§ Brief: Only some lines are wanted: please transcribe exactly those from the one containing "IEEE 1415-2006" through the end of the data, pictures excluded.

§ Raw data:

━━━━━━

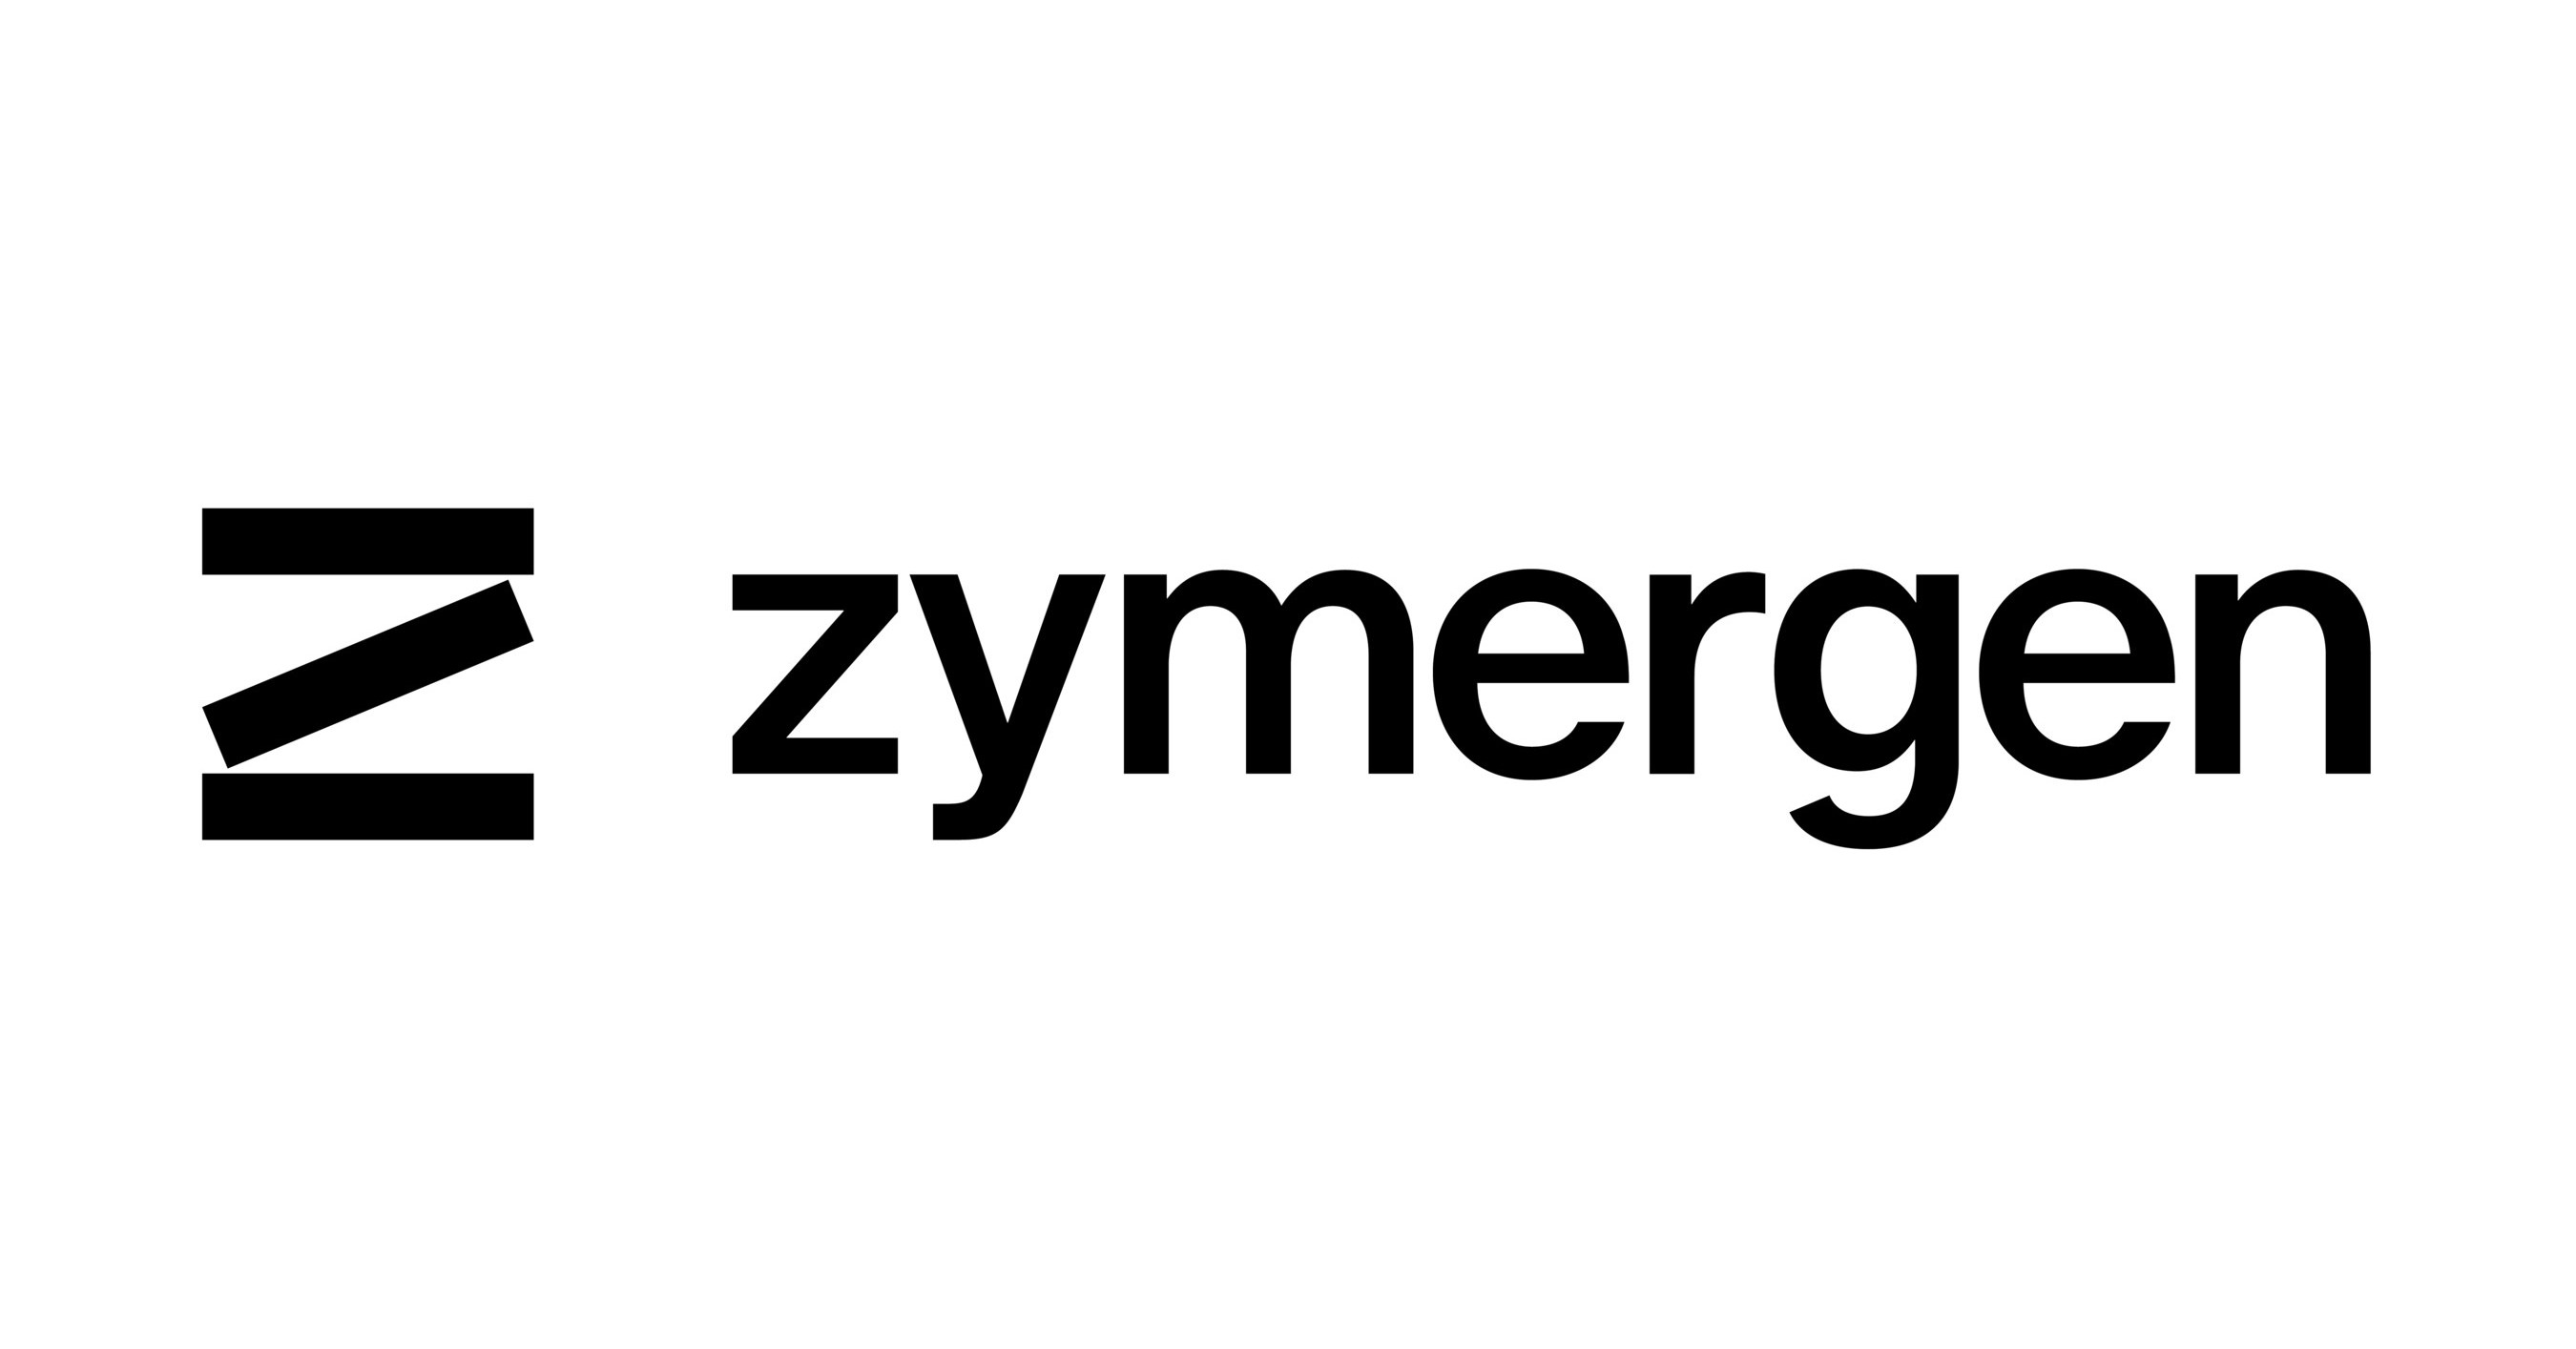 Industry Pioneer Jay Flatley Named as Chairman of Zymergen Board of Directors
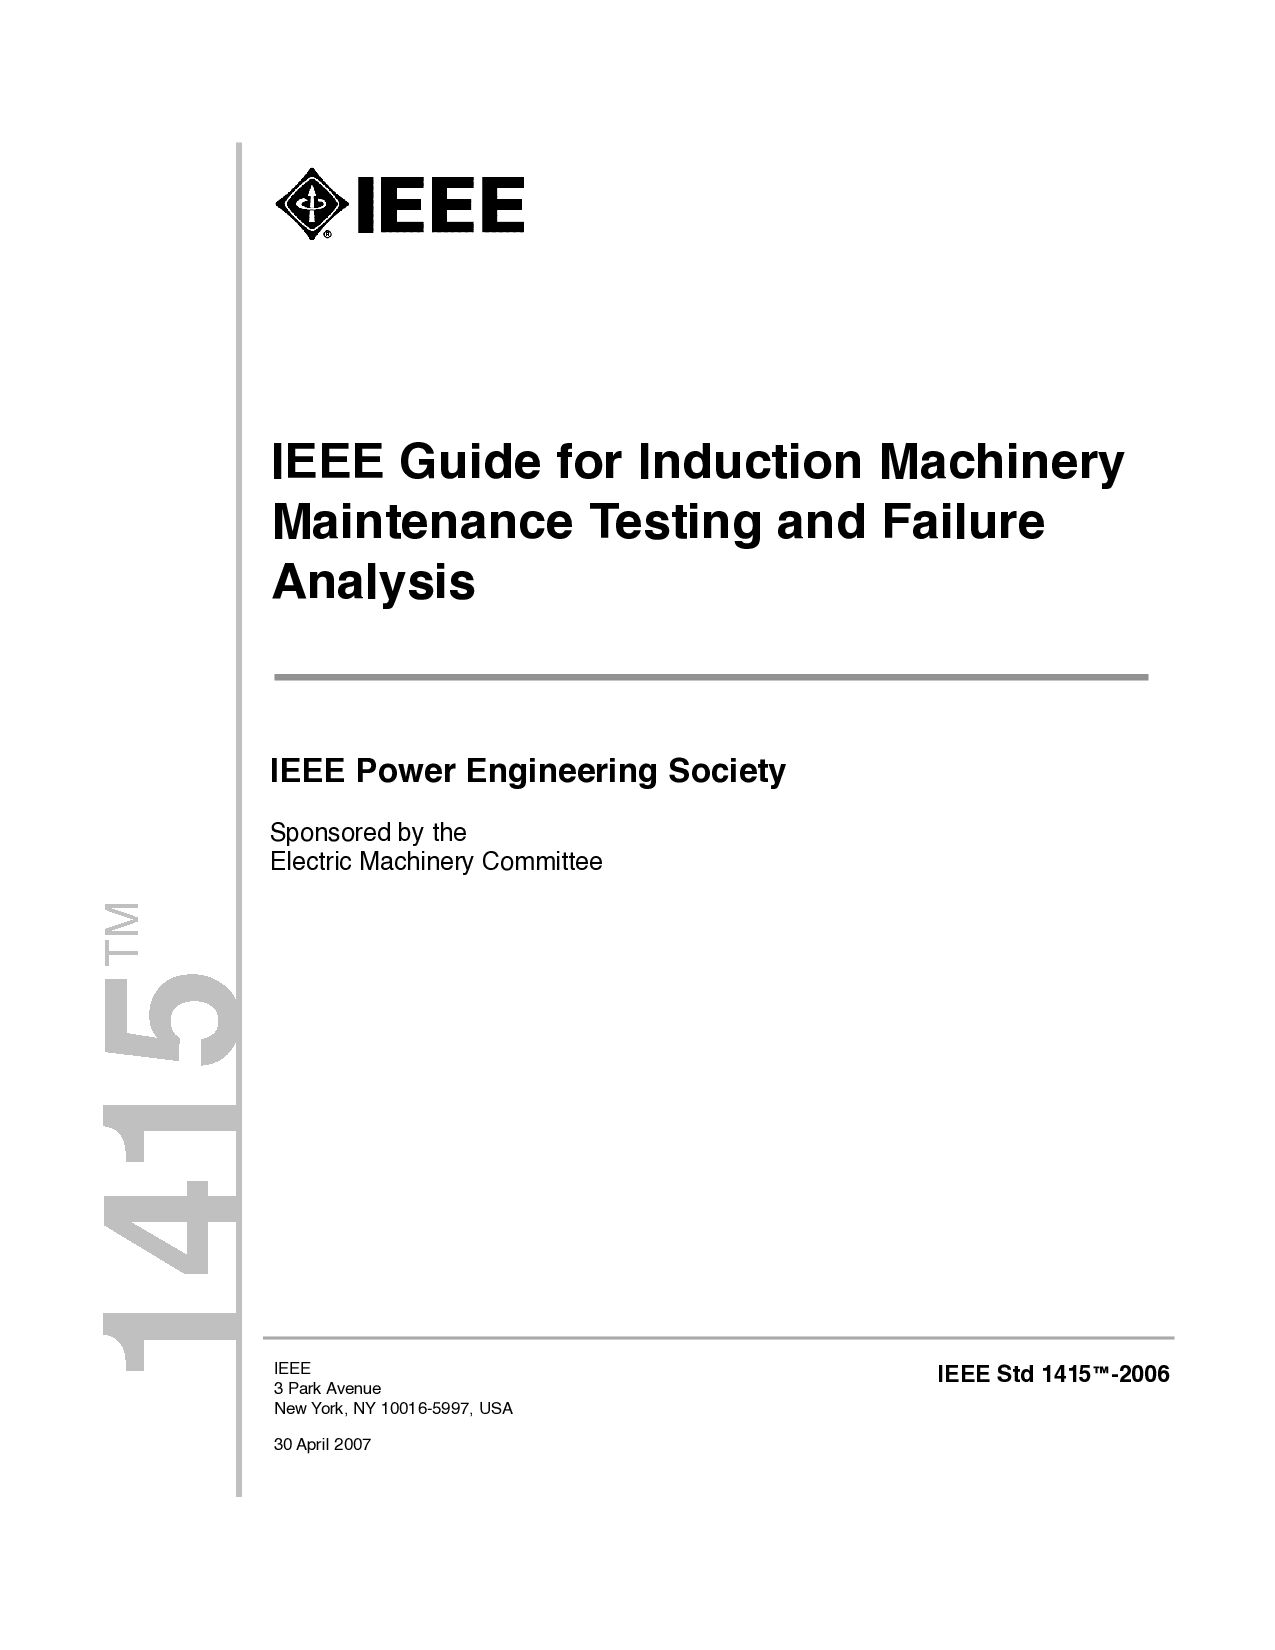 IEEE 1415-2006
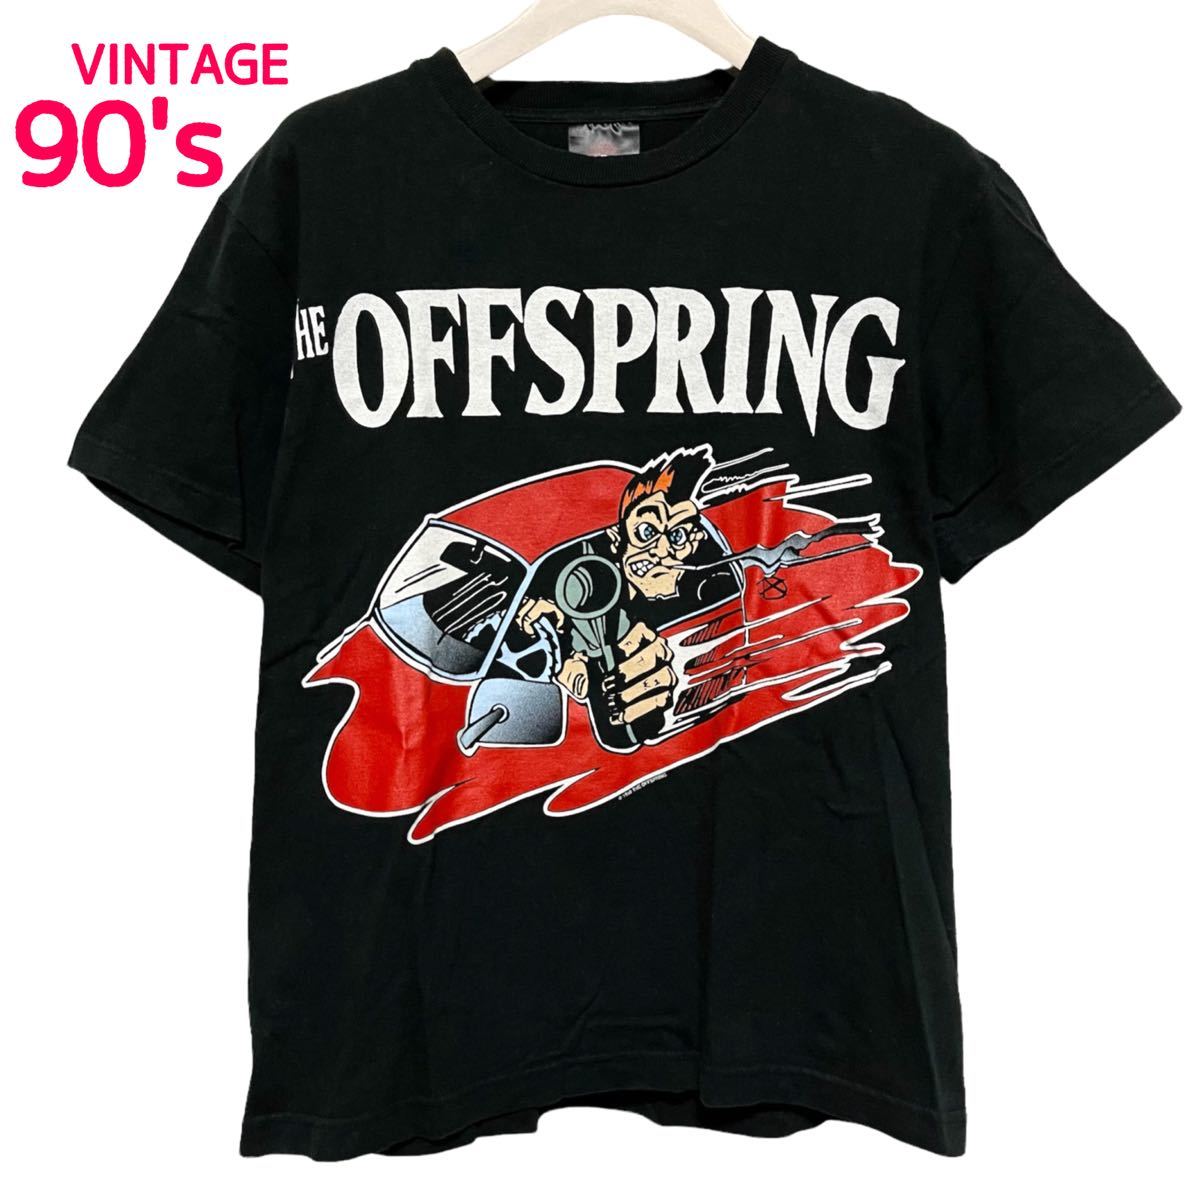 【90s】THE OFFSPRING 1998 ヴィンテージ バンドTシャツ オフスプリング コピーライト ビンテージ古着 希少 Sサイズ レア  90年代 当時物

━━━━━━

§ Completed task:
 IEEE 1415-2006
 【90s】THE OFFSPRING 1998 ヴィンテージ バンドTシャツ オフスプリング コピーライト ビンテージ古着 希少 Sサイズ レア  90年代 当時物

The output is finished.